AWU national secretary Paul Farrow said the “RBA is overdue for a shake-up and I hope that happens early during Michele Bullock’s term”.
“We can’t keep inflicting crushing pain on regular Australians while allowing corporations to jack up prices and pocket massive profits,” Mr Farrow told The Australian.
“The RBA should refocus on what matters: real wage growth, creating jobs, and having a board with the skills and experience to support workers in the labour market.
“The RBA should be working more closely with the government so it isn’t just relying on the blunt tool of interest rates.” Construction Forestry Maritime Mining and Energy Union national secretary Zach Smith said Australia needed a central bank that “works for society, not the other way around”.

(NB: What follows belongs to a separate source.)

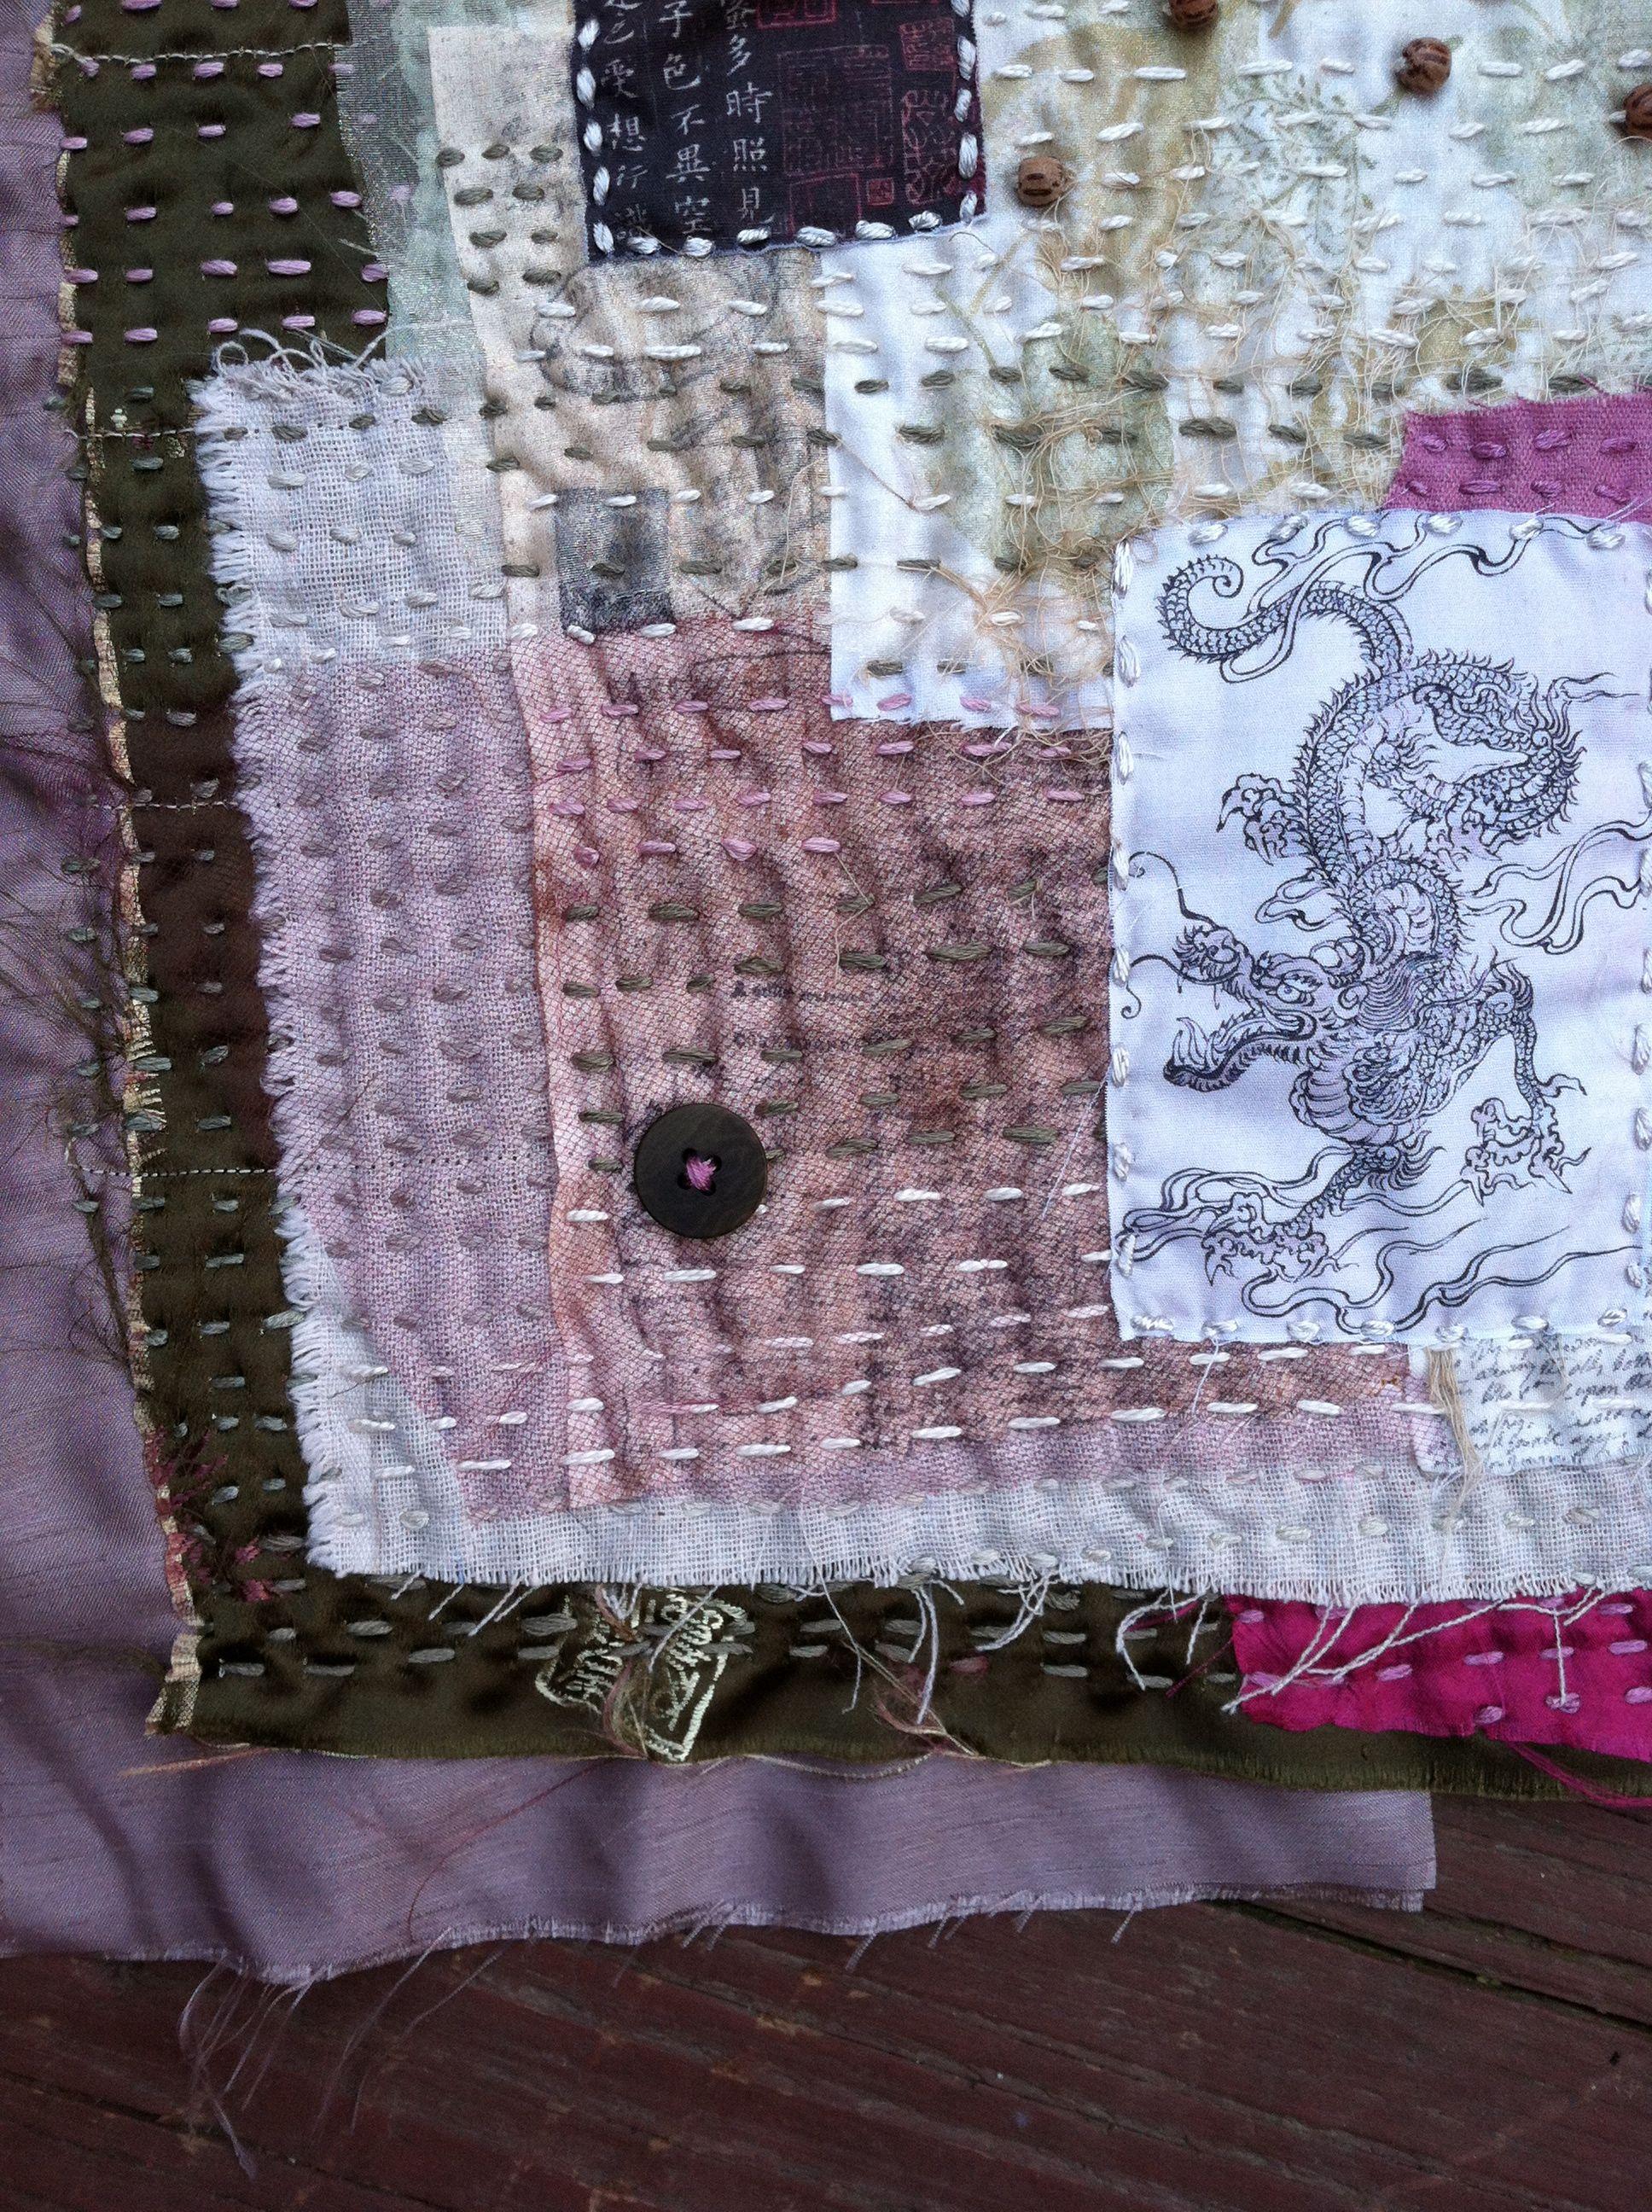 Stitch detail by Natalie Turner-Jones

He accused the RBA of being an institution that “suffers from neo-liberal tunnel vision that makes it impossible to put people first”.
“We must end the fetishisation of corporate profits while working people are punched in the guts with one-two body blows of inflation and rate rises,” he said.
“Australian workers are bloody sick of being the ones who have to cop it every single time there’s an economic headwind.”
Mr Smith said the union would continue to lobby Anthony Albanese to adopt a super profits tax to put downward pressure on inflation and provide more investment for housing.
Australian Chamber of Commerce and Industry chief executive Andrew McKellar said the unemployment target could be lowered if the government embarked on a new round of economic reform that would enhance productivity but there was “nothing in the union movement’s agenda which in any way relates to that”.
“The narrative some in the union movement are trying to develop is misguided,” he said.
“The measure of full employment that the Reserve Bank interprets is an empirical one. It is clearly not zero.
“To try and drive the point where there was absolutely no transitional unemployment or underemployment … would be extremely difficult.
“There is nothing to say you can’t increase the speed limit in the economy and lower the level of unemployment at which we reach full employment, but to do that you have got to have a very significant program of economic reform.”